Now we create our model. We choose to use a CNN because of its proven track record of high-quality modelling in computer vision. Because our dataset is quite small, it is important not to allow for excessive overfitting and as such we will utilise several dropout steps.

In [11]:
def cnn_model():
    model = Sequential() 
    model.add(Conv2D(32, (3, 3), input_shape=(528, 1280, 3), activation = 'relu'))  
    model.add(SpatialDropout2D(0.2))
    model.add(Conv2D(64, (3, 3), activation = 'relu'))
    model.add(SpatialDropout2D(0.2))

    model.add(GlobalAveragePooling2D())
    
    model.add(Dense(6, activation= 'softmax'))
    
    optimizer = keras.optimizers.Adam()
    
    model.compile(loss='sparse_categorical_crossentropy',
              optimizer=optimizer,
              metrics=['accuracy'])
    return model

In [12]:
model = cnn_model()

history = model.fit(X_train,y_train, validation_split=0.1, epochs=10, batch_size=16)

Epoch 1/10
Epoch 2/10
Epoch 3/10
Epoch 4/10
Epoch 5/10
Epoch 6/10
Epoch 7/10
Epoch 8/10
Epoch 9/10
Epoch 10/10


In [13]:
show_history(history.history)

NameError: name 'show_history' is not defined

As we can see, our validation accuracy has increased to roughly 42% and is still increasing as of 10 epochs, with our loss at 1.5 and dropping.

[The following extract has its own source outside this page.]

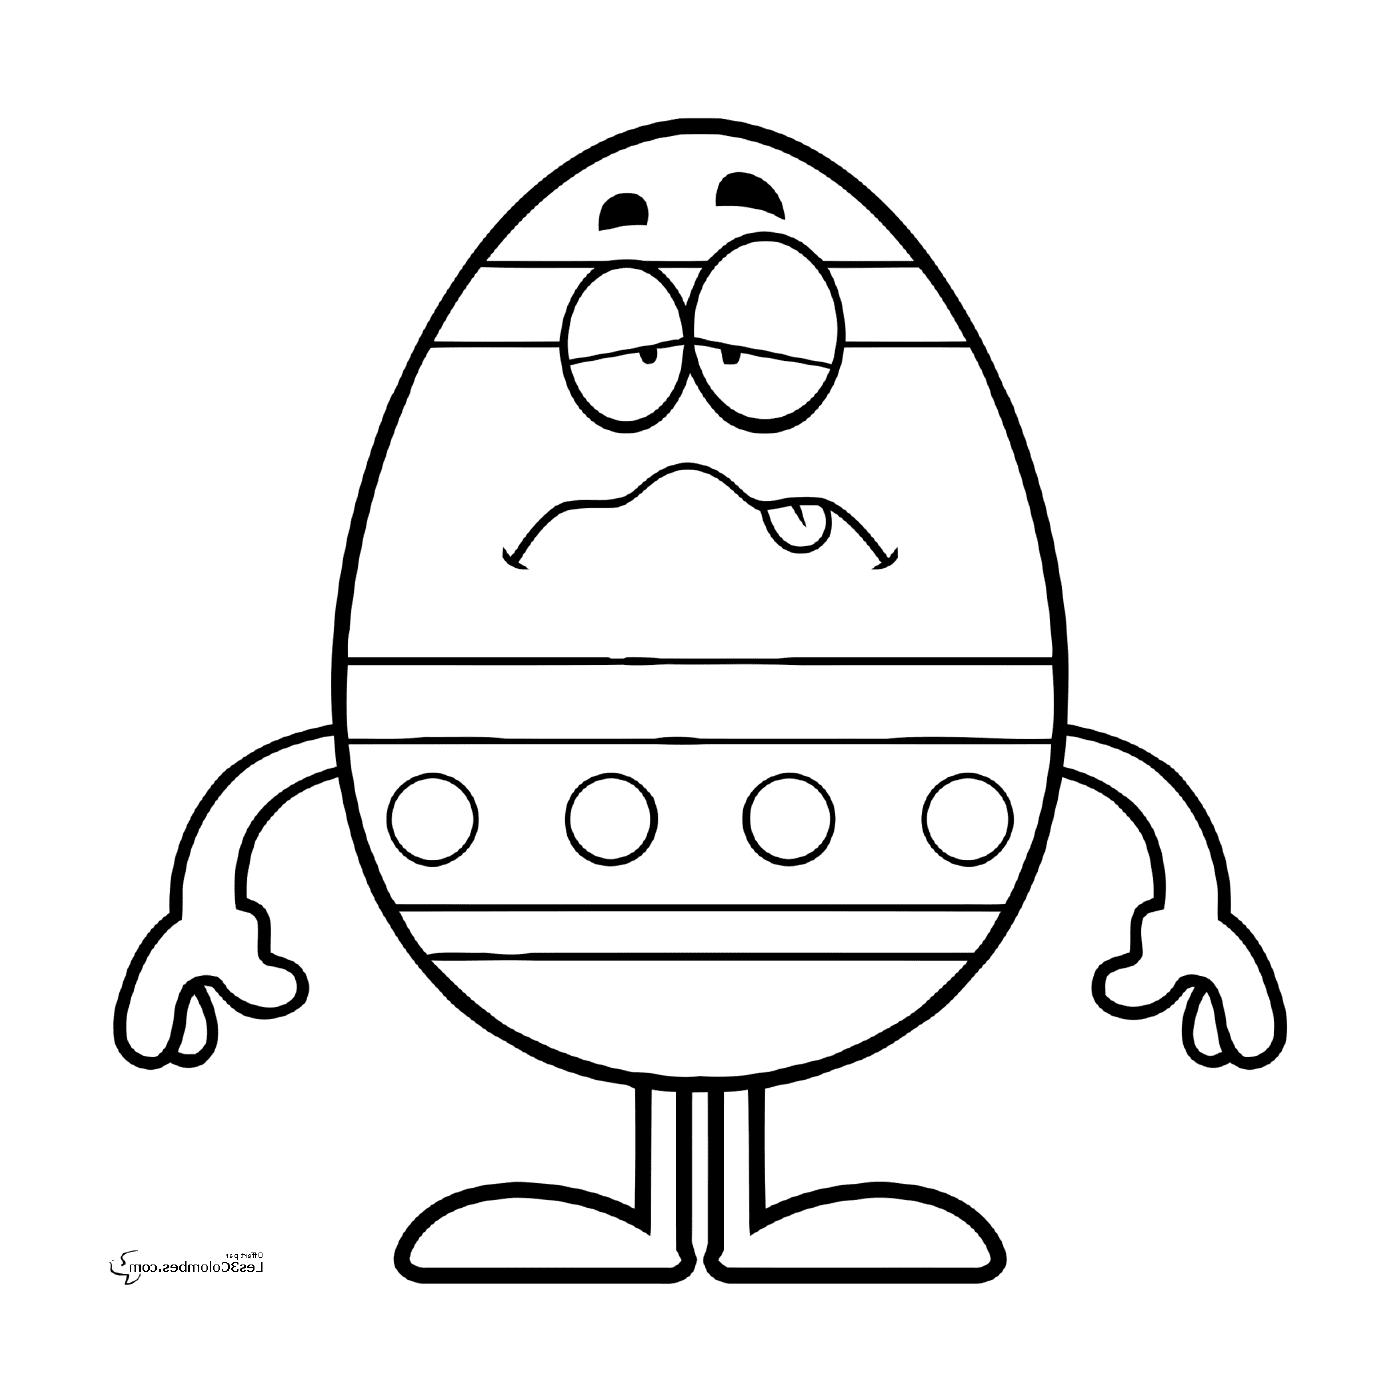  Easter 196, a sad Easter egg

This is very reassuring as overfitting was likely to be the biggest challenge in this analysis. Computationally speaking, this took my laptop almost a full day, and so I cannot continue training the model but am extremely satisfied with it and imagine its accuracy would keep increasing well above 50% if left for one or two hundred epochs.